Video Calling Coming

Peter : On Rad's Radar?
Peter
| Peter Radizeski of RAD-INFO, Inc. talking telecom, Cloud, VoIP, CLEC, and The Channel.

Video Calling Coming

8x8 tried the Granny Vid-Phone for a while. (Demo is here). At dinner at IT Expo, we were talking about Video Calling and Scott Wharton's name came up because he is rolling out video calling with VidTel.

A name that didn't come up was Nathan Stratton who is at BlinkMind. The BlinkMind service uses the Grandstream GXV3000 Video Phone, which VidTel also uses.

It will be interesting to see where this goes because of the upstream bandwidth necessary for video telephony to work well.

"Videl is initially providing a plug-and-play, out of the box videophone solution built around GrandStream's GXV3000 video phone - the phone supports SIP, H.264, bandwidth from 32 Kbps to 1 Mbps, has a 5.6 inch TFTP LCD screen and VGA camera. [FierceVoIP]

I have tried services like Oovoo and SightSpeed with some disappointment.
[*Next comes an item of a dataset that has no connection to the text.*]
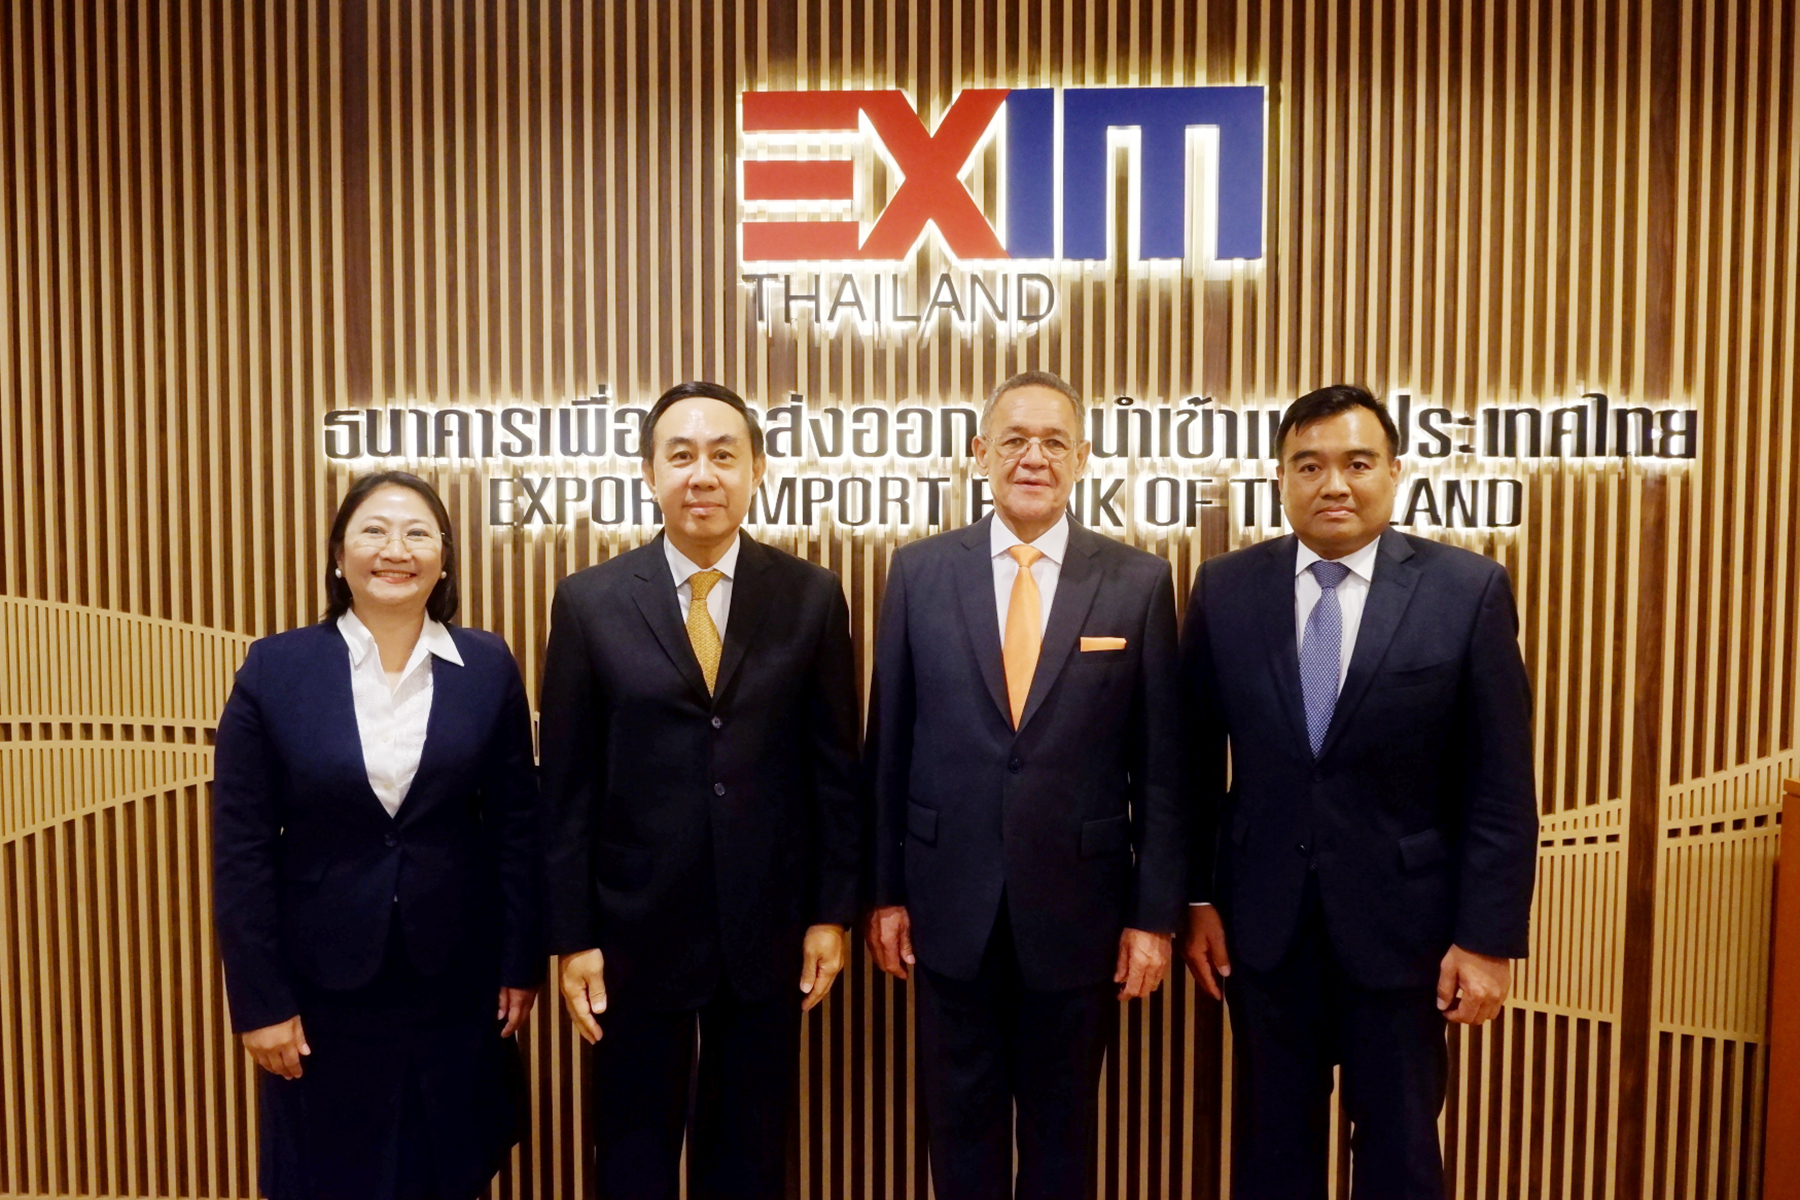 EXIM BANK ต้อนรับเอกอัครราชทูตสาธารณรัฐแอฟริกาใต้ประจำประเทศไทย  หารือแนวทางส่งเสริมการค้าการลงทุนไทย-แอฟริกาEXIM BANK ต้อนรับเอกอัครราชทูตสาธารณรัฐแอฟริกาใต้ประจำประเทศไทย

They are actually half-duplex - only one side can talk at a time. The video is choppy even on my BrightHouse 7MBx1MB connection.  Maybe I expect more at this point in time.

I would like to point out that many, many VoIP services that overlay on a Broadband connection have jitter, latency, low-quality service. And that's just audio, so I don't know what video will be like.

Also, since Oovoo is free and so is Skype - both of which do not require a $200 handset nor a separate monthly service - I have to wonder about the viability of the business model. Making it stupid easy for people to use and understand would certainly go along way in adoption though.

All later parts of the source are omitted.